Saint-Pierre, [Charles-Irénée Castel de] Abbé, né en Normandie en 1658, mort à Paris en 1743.
Le Cardinal du Bois appeloit ses projets les Rêves d'un homme de bien, expression plaisante, qui peut être juste à certains égards ; mais ces Rêves supposent, dans celui qui étoit capable de les avoir, une grande étendue d’idées, l’esprit de combinaison dans les détails, & par-dessus tout un grand amour du bien public. Les hommes les plus sages trouveront qu’il est très-beau de rêver ainsi.
Si la plupart des spéculations de l’Abbé de Saint-Pierre. sont impraticables, on doit plutôt s’en prendre à l’état actuel des Sociétés, qu’au défaut de justesse & de suite dans ses observations. Les systêmes reçus ne sauroient admettre ses plans, tels qu’il les propose. C’est pourquoi on peut lui reprocher d’avoir plutôt raisonné d’après l’ordre à établir, que sur l’ordre établi. Les Gouvernemens ayant déjà leur marche réglée, il est beaucoup plus sage de chercher à les rectifier par des ressorts imperceptibles, que de songer à les bouleverser, sous prétexte de les rendre meilleurs & plus heureux.
Son Projet de Paix perpétuelle entre les Potentats de l’Europe, a paru chimérique il l’est en effet. Ce défaut, essentiel à la vérité, une fois reconnu, il n’en reste pas moins à admirer le Génie qui a enfanté cette concorde idéale, & qui l’a suivie, pour ainsi dire, dans tous les moyens propres, selon les idées de l’Auteur, à la procurer. Platon. a donné dans le même écueil, & n’a point perdu pour cela sa réputation de grand Philosophe. L’Abbé de Saint-Pierre. se seroit acquis le même nom, s’il eût travaillé dans les mêmes circonstances & dans le même Siecle.

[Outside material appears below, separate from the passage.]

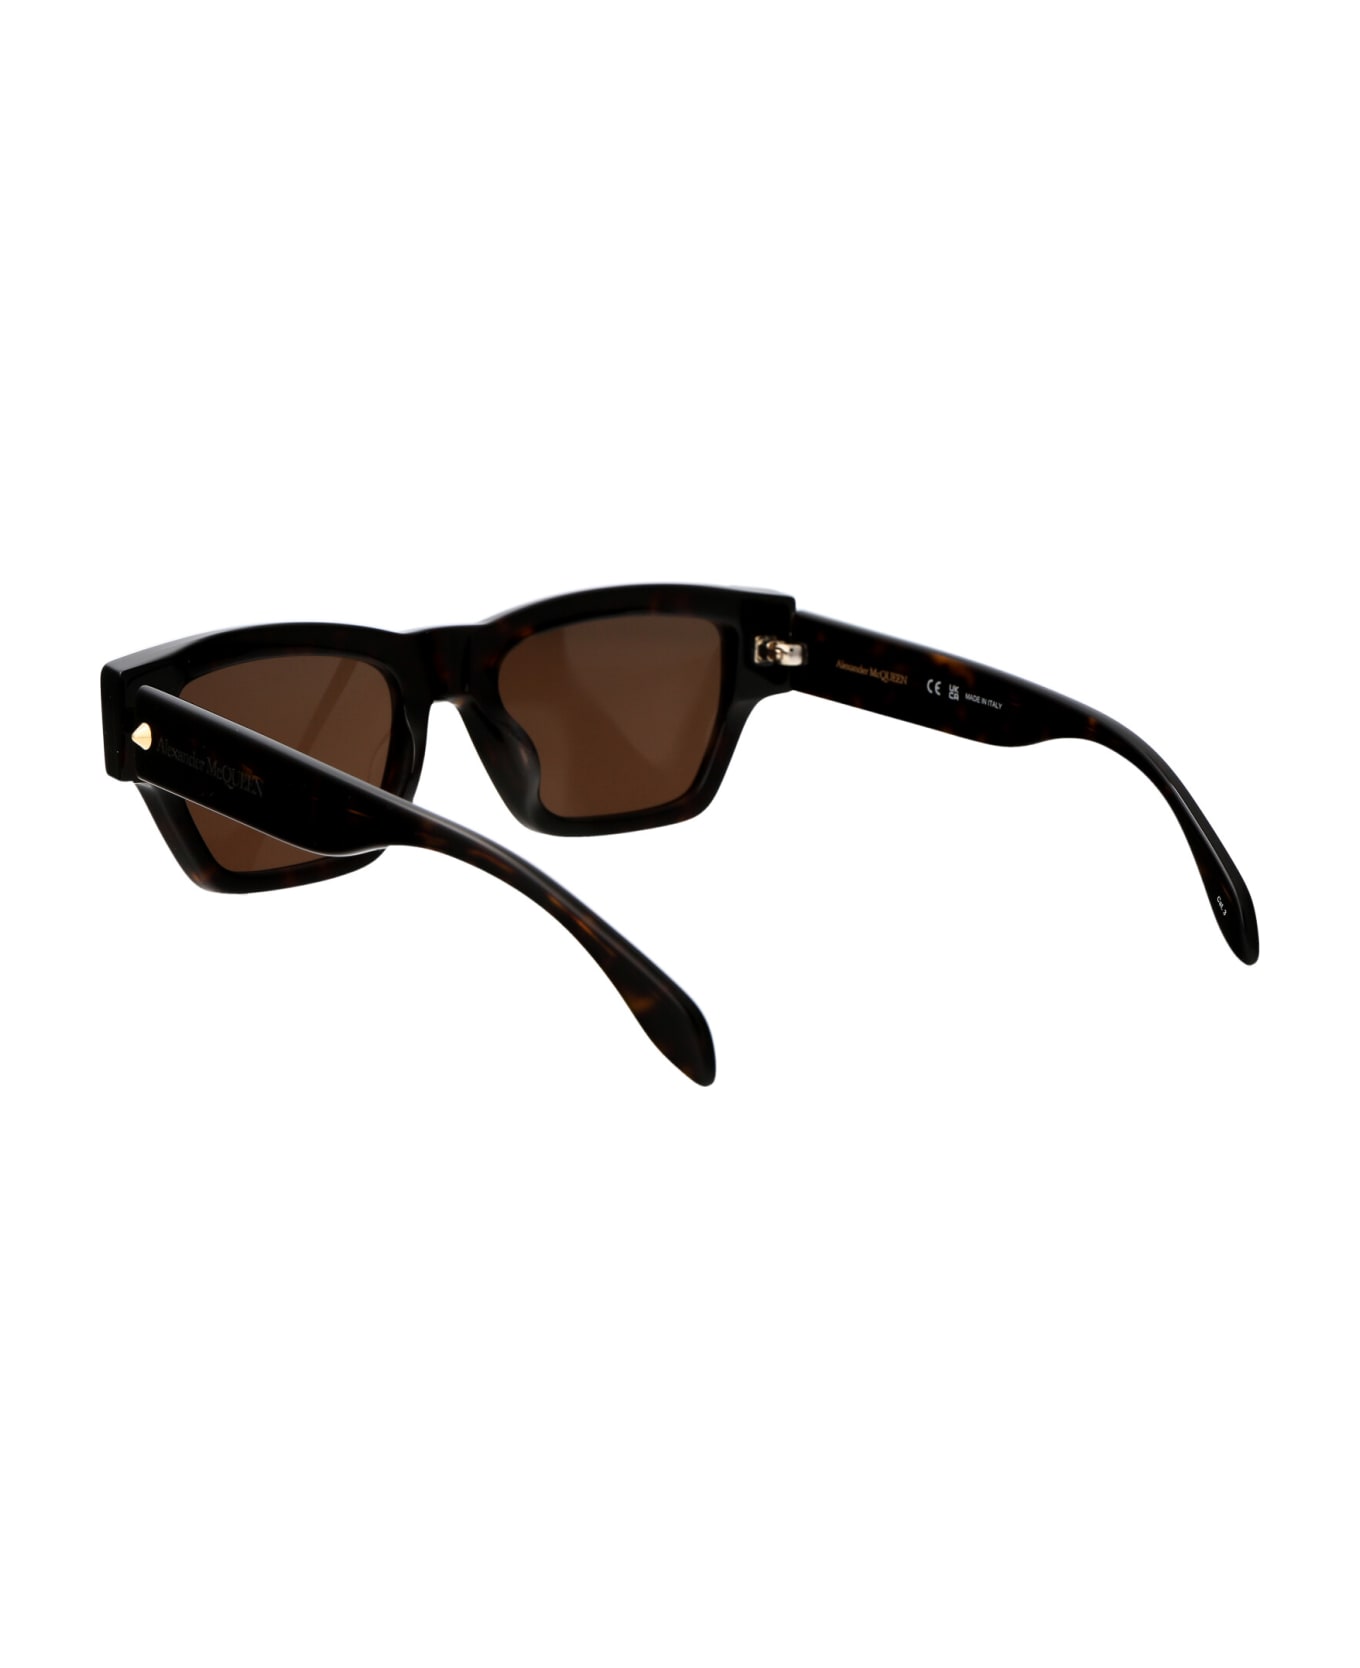 Alexander McQueen Eyewear Am0409s Sunglasses - 002 HAVANA HAVANA BROWN
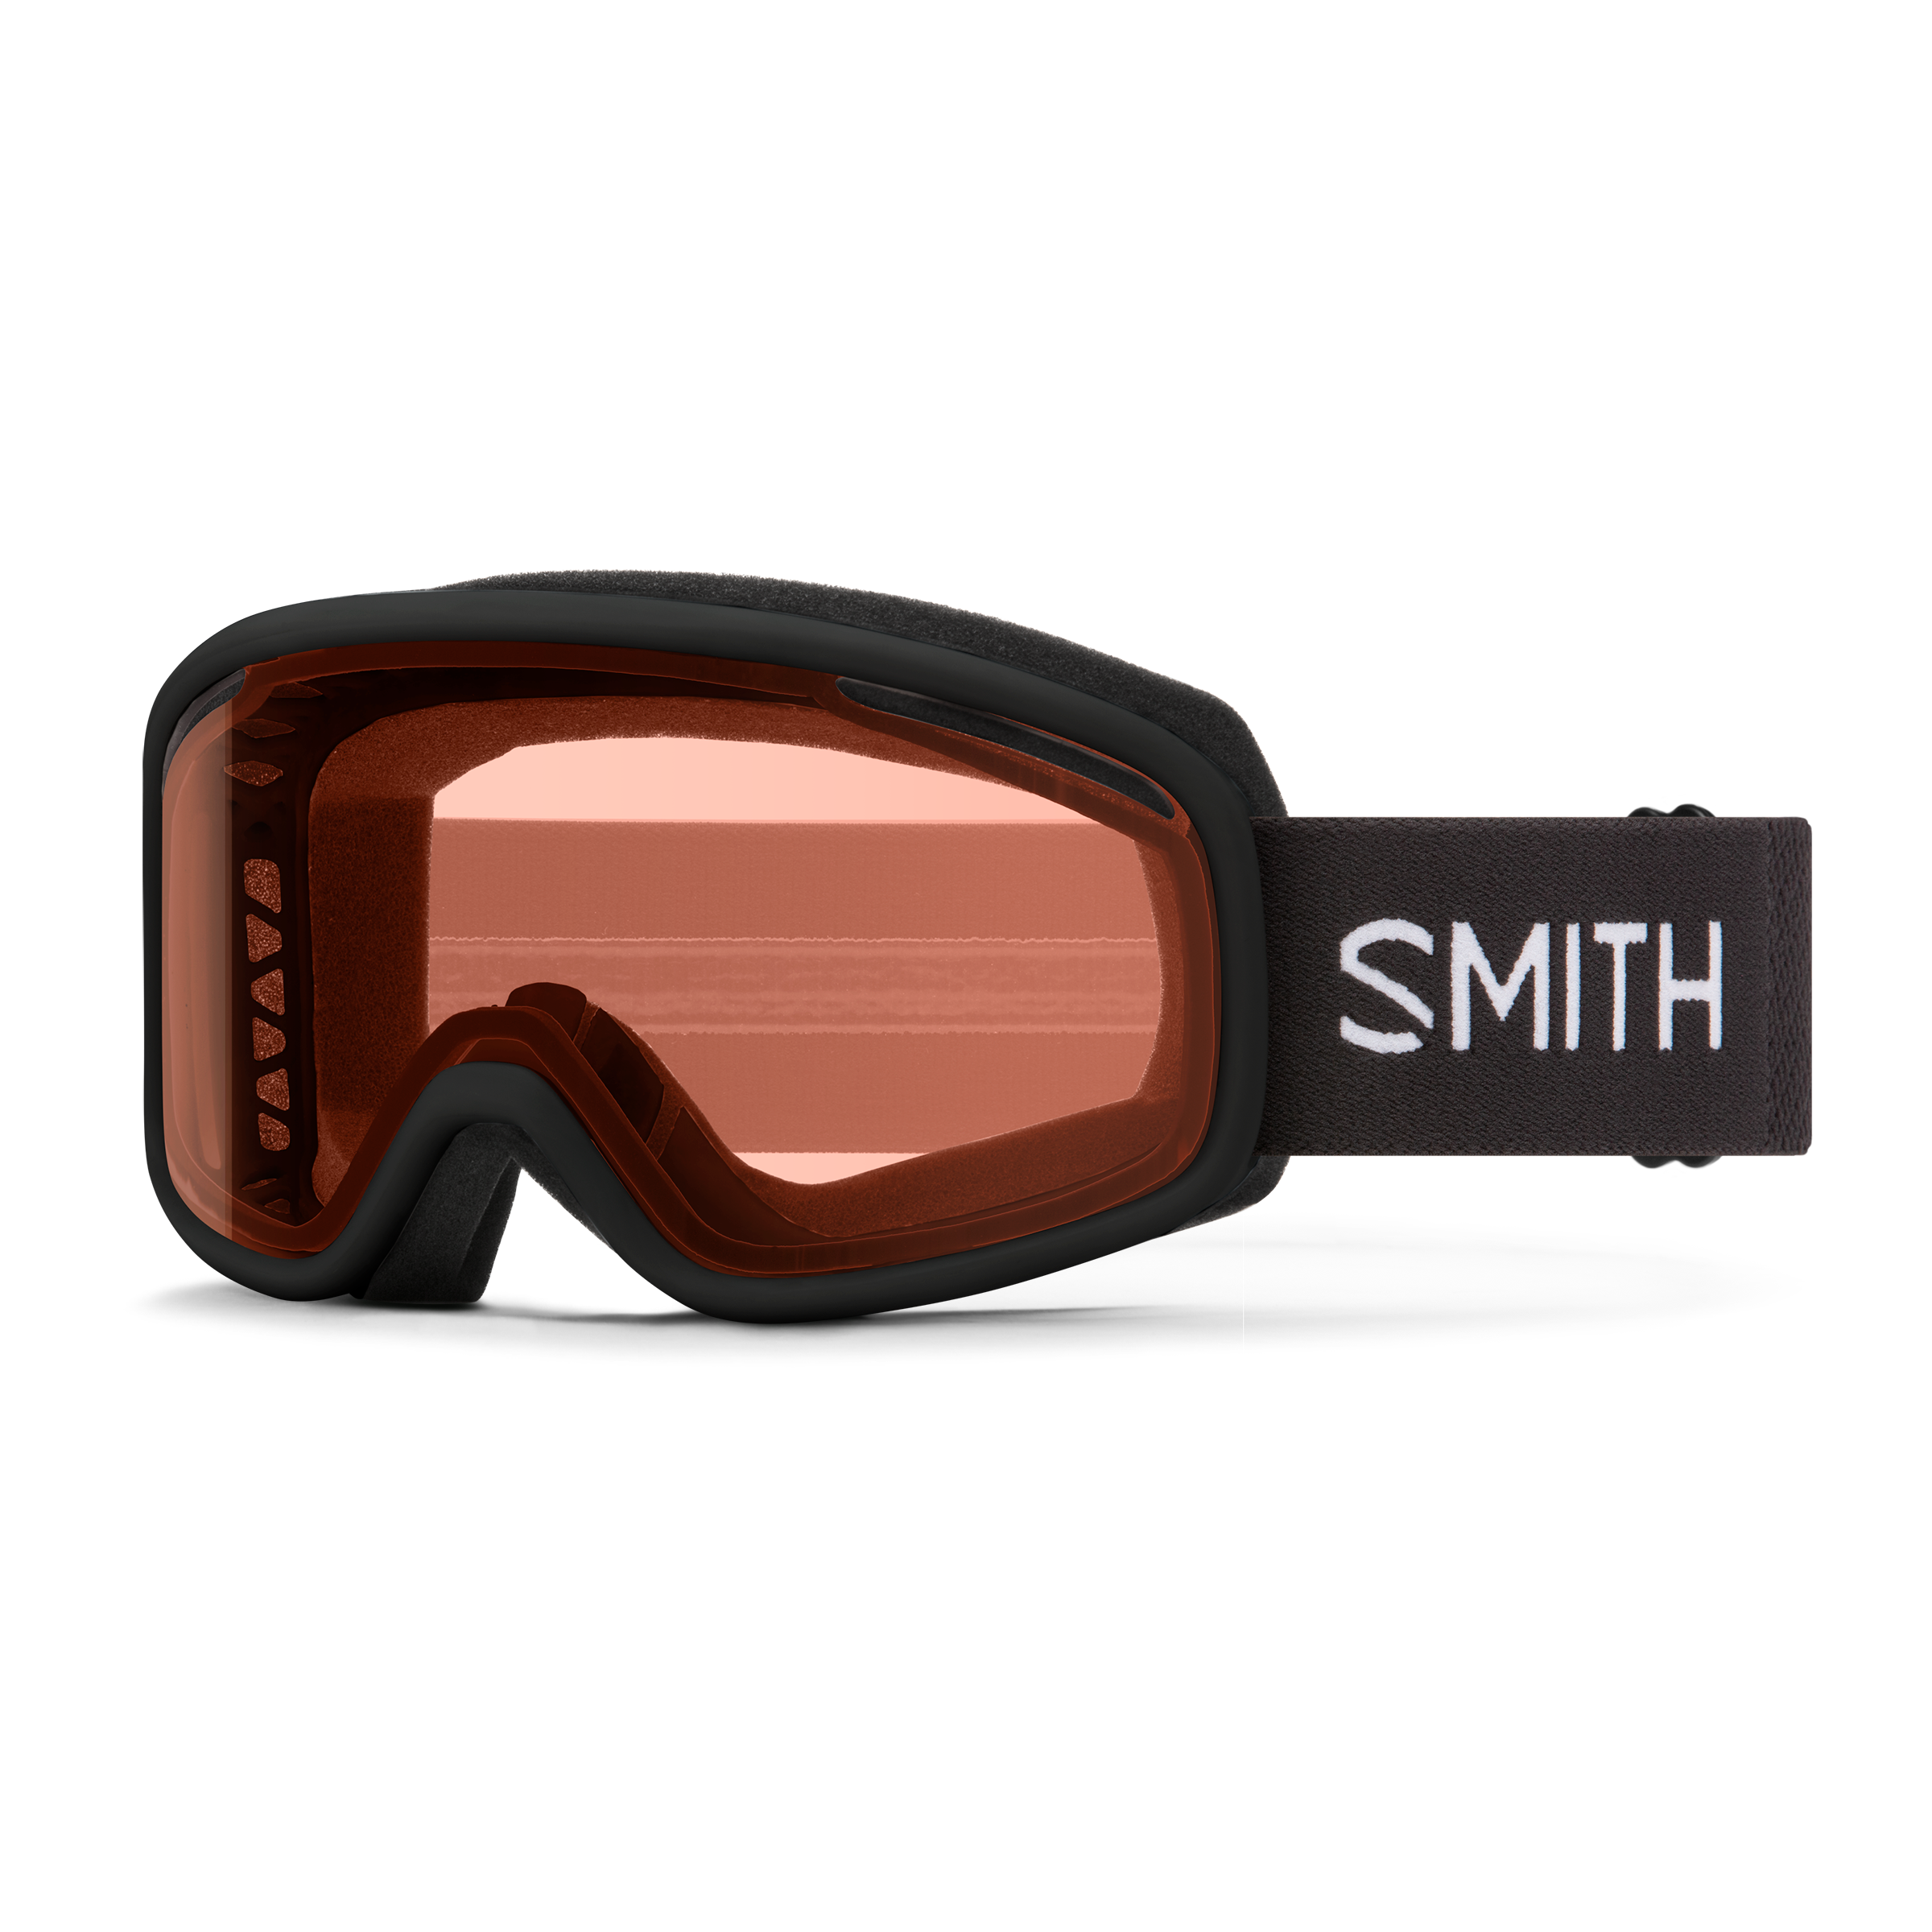 Smith Optics Range Snow Goggles Black with RC36

Le plus connu de ses autres Ouvrages est celui qui a pour titre, Annales politiques de Louis XIV, où l’Auteur offre un tableau frappant des progrès de l’esprit chez notre Nation, pendant le regne de ce Monarque, & où M. de Voltaire. a puisé l’idée si mal remplie de son Siecle de Louis XIV, & le plan de son prétendu Essai sur l’Histoire générale. Le détail des faits ne se présente chez l’un & l’autre Ecrivain que de profil. Ils ont à peu près la même marche, avec cette différence, que l’Abbé de Saint-Pierre. ne s’écarte point de son systême, ne dénature point les événemens, ne donne point dans des bévues, & qu’il développe, d’une maniere plus étendue, l’Histoire de notre Gouvernement, de notre Législation, & de nos Etablissemens. Enfin, les Ecrits de l’Abbé de Saint-Pierre, malgré la manie systématique qui y regne, le placeront toujours parmi les Raisonneurs utiles. Ils ont contribué à étendre les lumieres politiques, à éclairer sur les objets qui peuvent augmenter le bien général & diriger la Morale vers la pratique. Ils ont de plus le mérite d’une diction pure, nette & précise, telle qu’elle convient à ces sortes de Productions. Ces qualités le distingueront toujours des Ouvrages prétendus philosophiques, qui fatiguent l’esprit par l’emphase du style, & tendent à dissoudre la Société par le danger des systêmes.